Python Tutorial: Introduction to Seaborn
Want to learn more? Take the full course at https://learn.datacamp.com/courses/intermediate-data-visualization-with-seaborn at your own pace. More than a video, you’ll learn hands-on coding & quickly apply skills to your daily work.
Welcome to this introduction to Seaborn. My name is Chris Moffitt and I will be your instructor for this course. I have been using Python for over 10 years and am currently the creator of the popular blog Practical Business Python. I am excited to show you how to effectively use the Seaborn library for creating insightful visualizations.
The Python visualization landscape is complex and it can be challenging to find the right tool for the right job. Before we discuss Seaborn in detail, it is helpful to understand where it stands in this landscape. This illustration is from Jake VanderPlas’ pycon 2017 presentation on the visualization landscape in Python and highlights the complex ecosystem. The key point is that matplotlib is a foundational library used by many visualization tools including Seaborn.
matplotlib is a robust library that can support building many types of visualizations. Seaborn uses it to construct statistical visualizations. When working with Seaborn, it is helpful to understand some of the underlying matplotlib constructs. This brief example shows how to plot a column in a pandas DataFrame as a histogram. This specific example includes information about the alcohol content of several different types of Portuguese wines. If you do not understand this code example, you may want to review some introductory Python courses.
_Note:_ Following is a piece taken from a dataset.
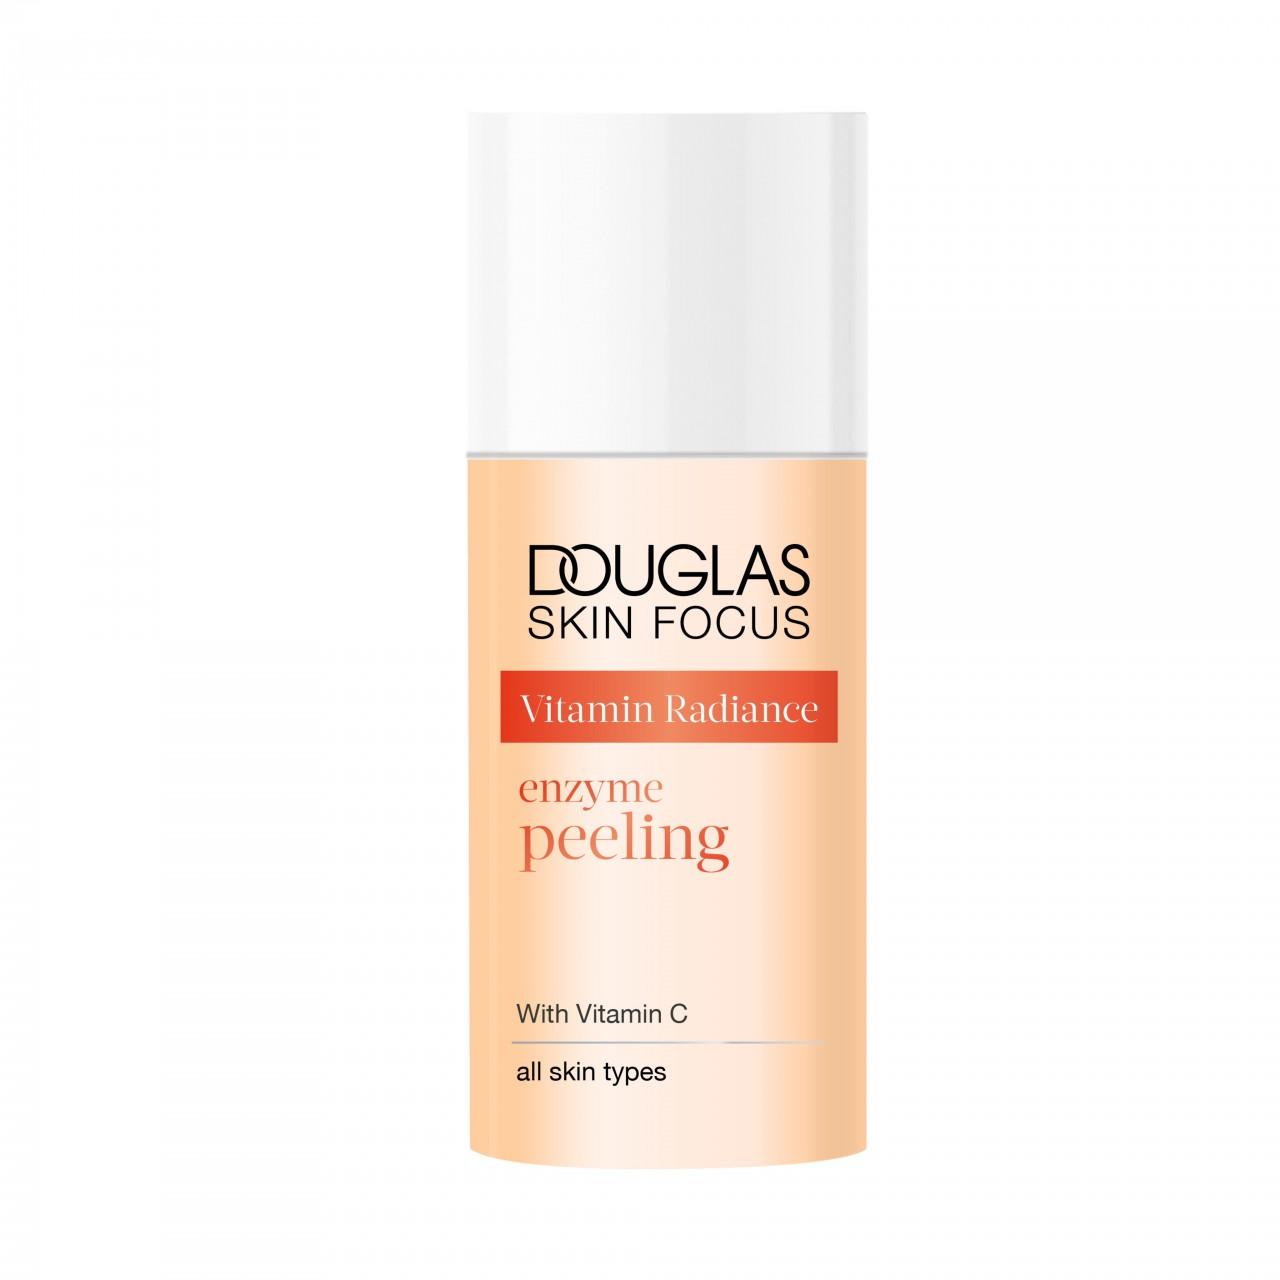 Douglas Focus Enzyme Peeling
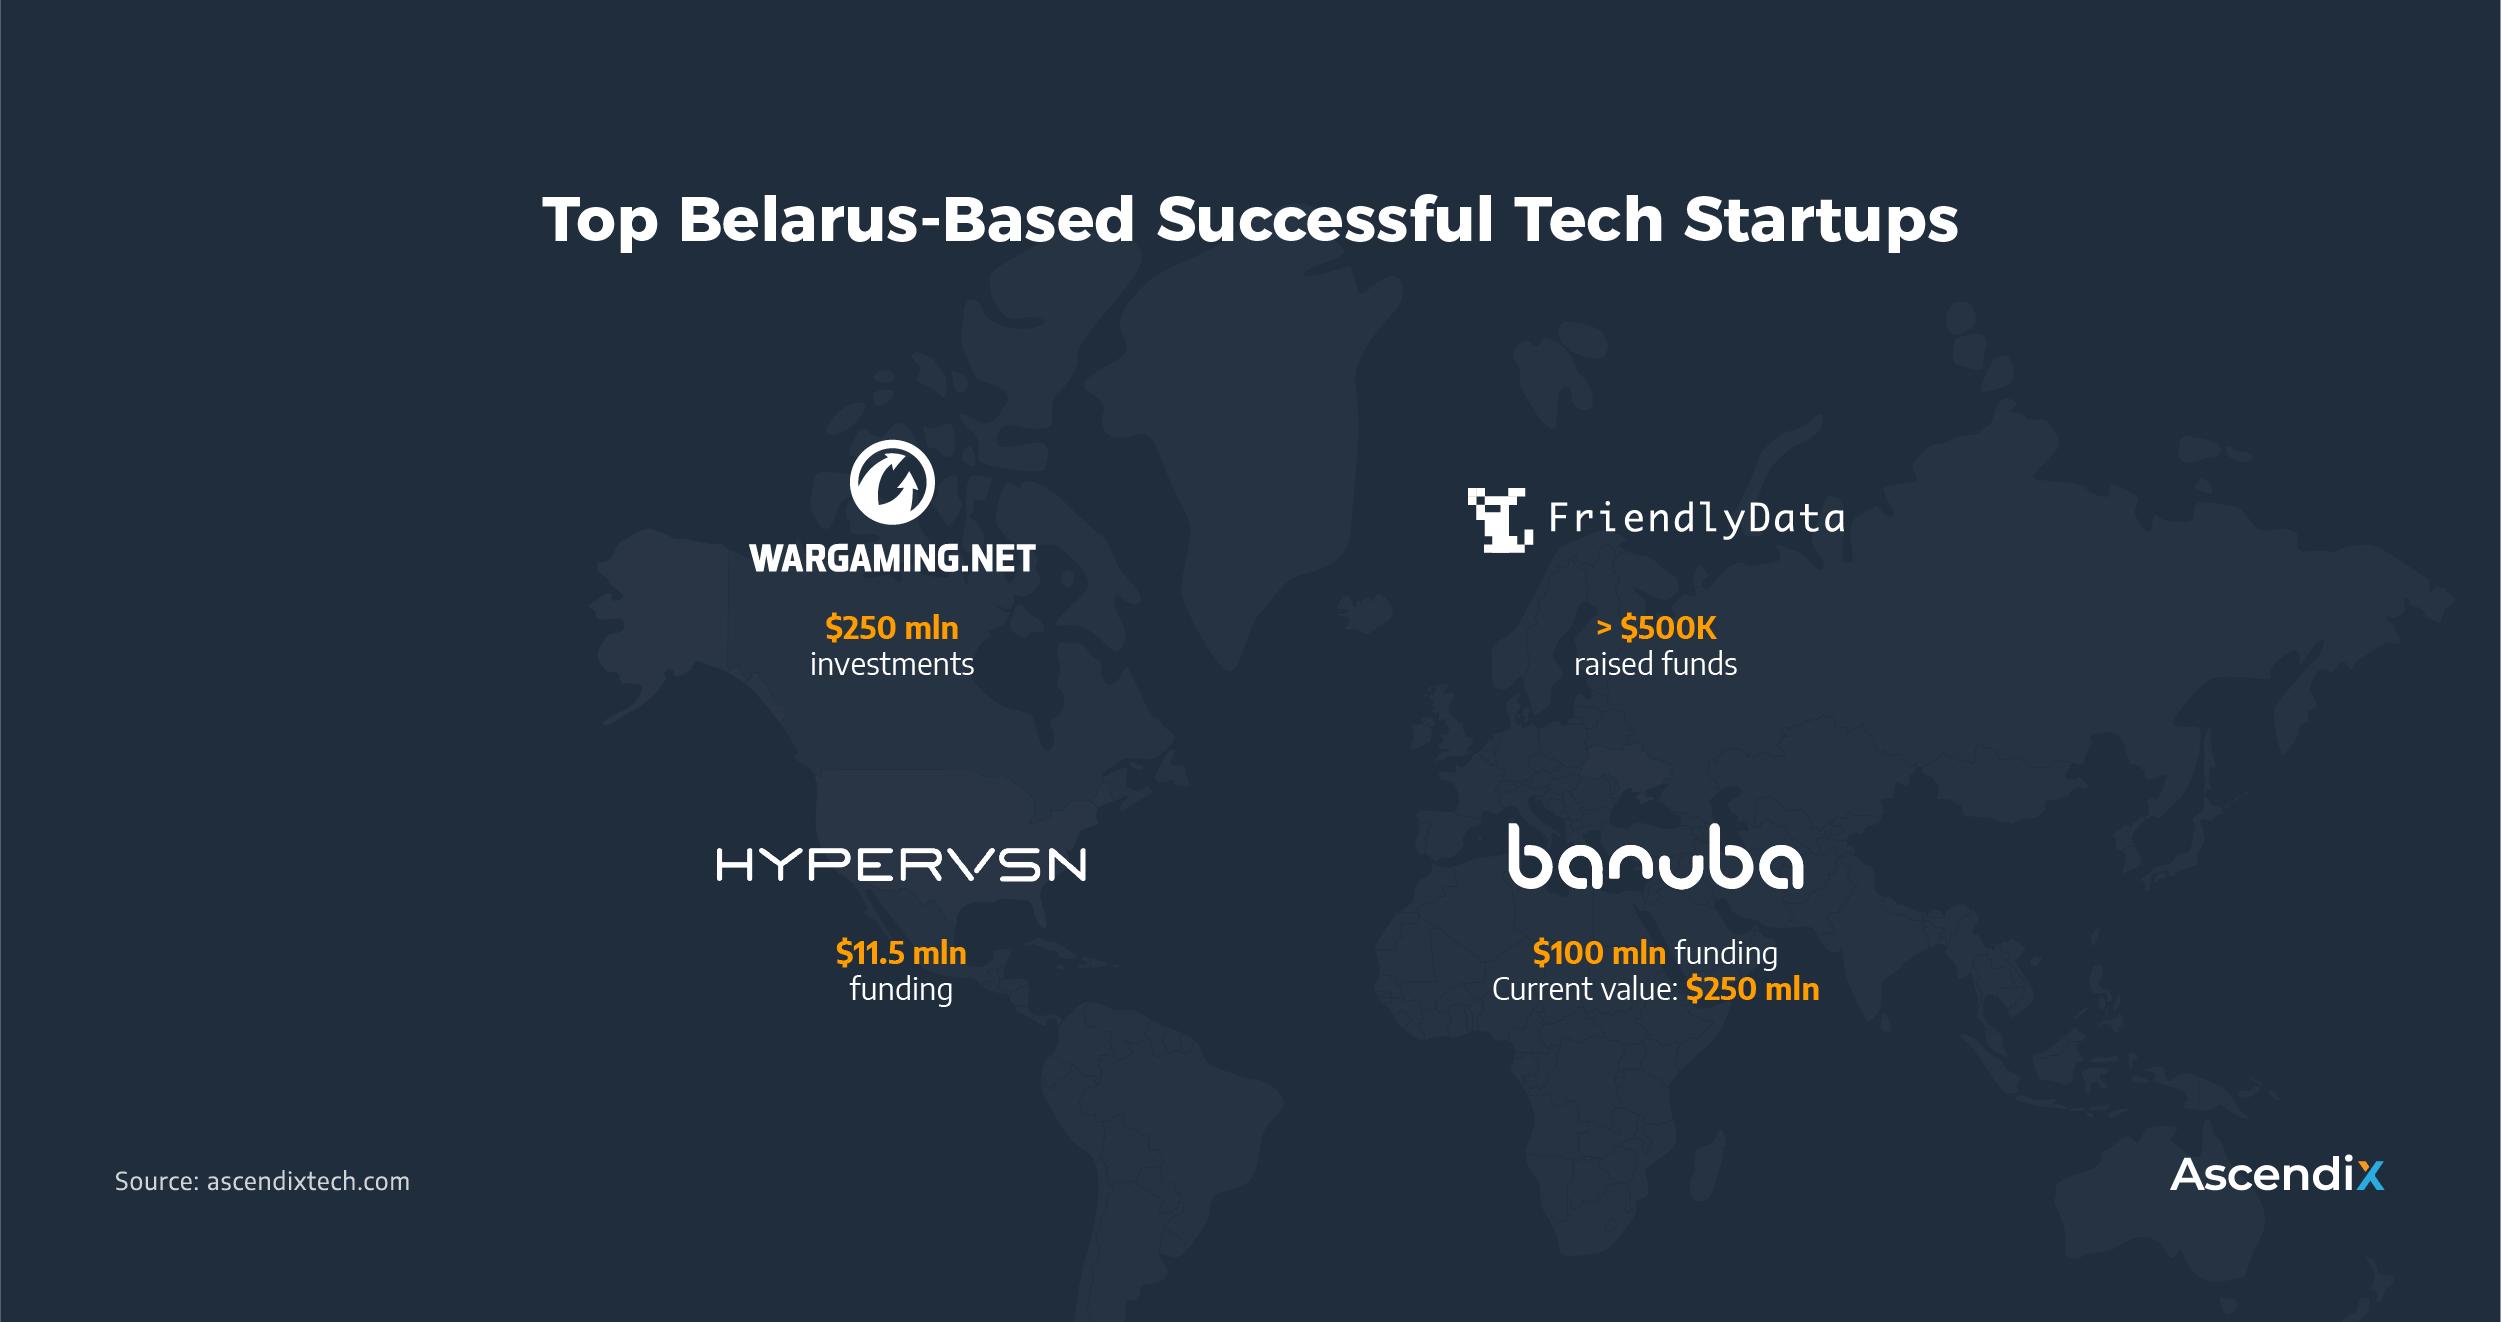 Top Belarus-Based Successful Tech Startups | Ascendix Tech

The rest of this course will assume you understand basic Python and pandas usage.
pandas is one of the most important Python libraries for manipulating and analyzing data. In addition to providing powerful data manipulation tools, pandas supports basic data plotting functions. The actual API is consistent with other pandas functions, so it is a very useful tool. The plotting is carried out by matplotlib, so the resulting output looks very similar to the pure matplotlib output. This functionality is very useful when you need to quickly look at data that is already in a DataFrame.
Seaborn integrates with the rest of the Python data science landscape by leveraging matplotlib and integrating with pandas. In this example, a plot similar to a histogram can be created using Seaborn’s distplot() function. The resulting output looks like a histogram but actually is a Gaussian kernel density estimate or KDE. In the next slide we will compare this output to the pandas generated histogram.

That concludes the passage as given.